Lu par Charybde 7, Tulisquoi.
L'argent? Un thème qui concerne tout le monde, assurément. Et aussi sur lequel plus d'un écrivain s'est penché. Isabelle Flaten signe avec "Chagrins d'argent" son troisième livre aux éditions du Réalgar, et ce court roman s'organise autour d'une poignée de personnages familiers, presque ordinaires, illustrant tous un rapport à l'argent. Le lecteur s'y reconnaîtra à coup sûr.
D'emblée, le malaise s'installe avec la mise en scène de cette femme qui se sent obligée de donner chaque jour une pièce de deux euros au mendiant qui se trouve sur son chemin vers la boulangerie. Malaise, culpabilité qui asservit celui qui donne: et l'auteure ne manque pas de rappeler que la culpabilité paraît plus forte encore si l'on omet de donner un jour, malgré l'impression de libération qui accompagne le fait de ne pas avoir cédé.
Les chapitres de "Chagrins d'argent" sont courts, mais denses aussi.

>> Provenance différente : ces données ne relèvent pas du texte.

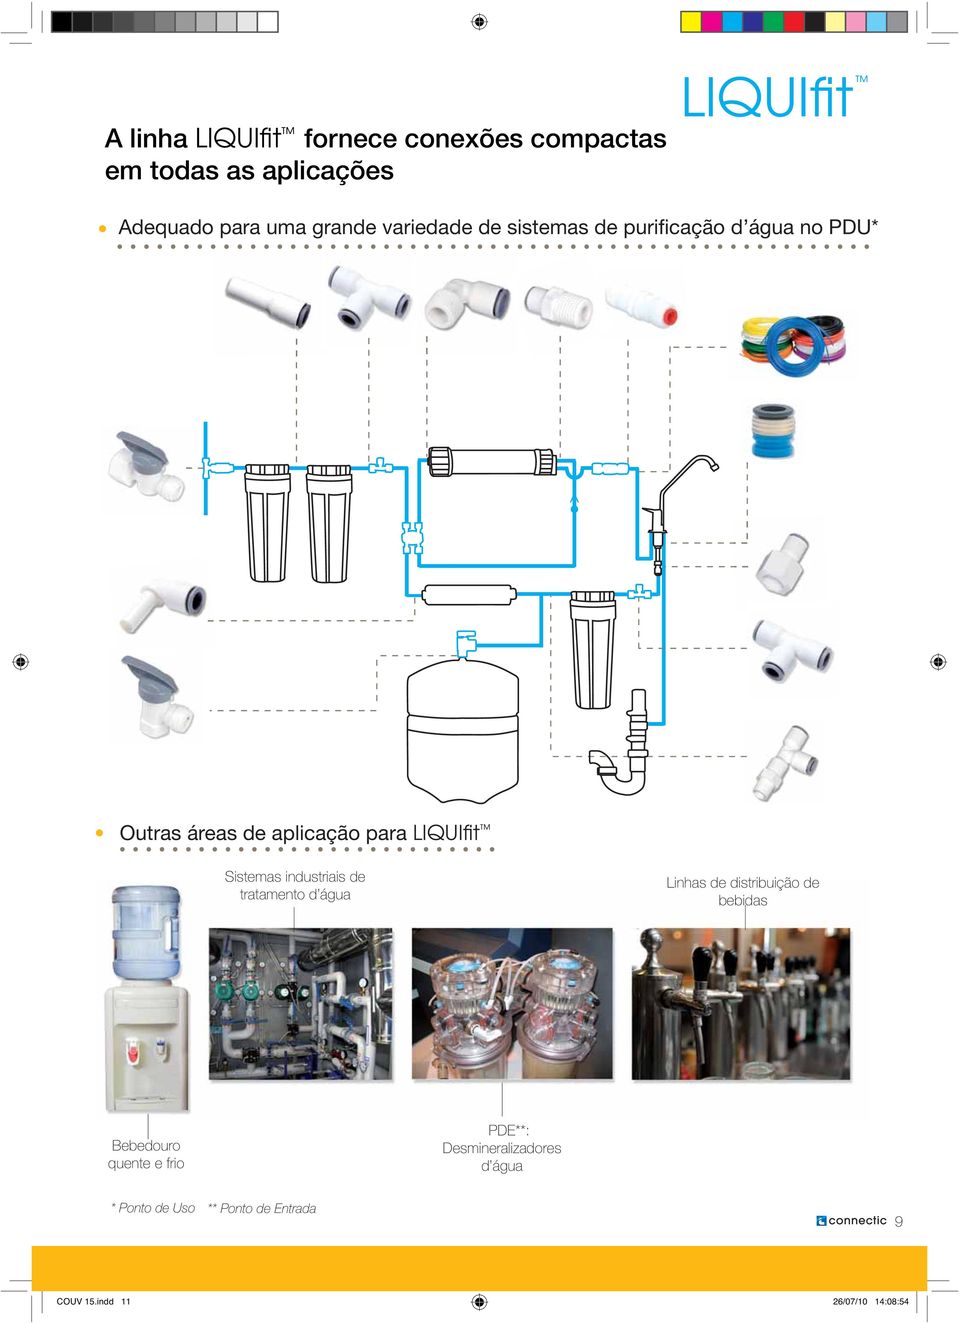 IQUIfit Sistemas industriais de tratamento d água inhas de distribuição de bebidas Bebedouro

On y sourit devant les excès liés à l'argent, même s'il y a quelque chose de grave dans leur description: un jeune homme amoureux dépensier, une femme qui se prostitue pour s'offrir le superflu, et la dame de la banque qui, indiscrète, a l'oeil sur les dépenses excessives des clients - un regard voyeur, alors que souvent, l'argent est une affaire discrète, voire secrète.
Les drames sont là, minuscules: la possibilité d'un divorce, les amitiés qui fluctuent au gré des revers de fortune, le mépris aussi. Et ils se succèdent, juxtaposés. Chaque chapitre est en effet centré sur un personnage. Ceux-ci reviennent, une ou deux fois, après s'être présentés, parfois d'un autre point de vue. Le regard de l'auteur circule ainsi de l'un à l'autre, à la manière d'une pièce de monnaie qui passe d'une main à l'autre.
Fluide, "Chagrins d'argent" est le roman d'une écrivaine au regard affûté, qui sait se montrer ironique et pose à chacun la question de cet argent qui est bon serviteur et mauvais maître. En définitive, la frontière entre l'argent qui asservit et l'argent qui sert est ténue...
Isabelle Flaten, Chagrins d'argent, Saint-Etienne, Le Réalgar, 2016.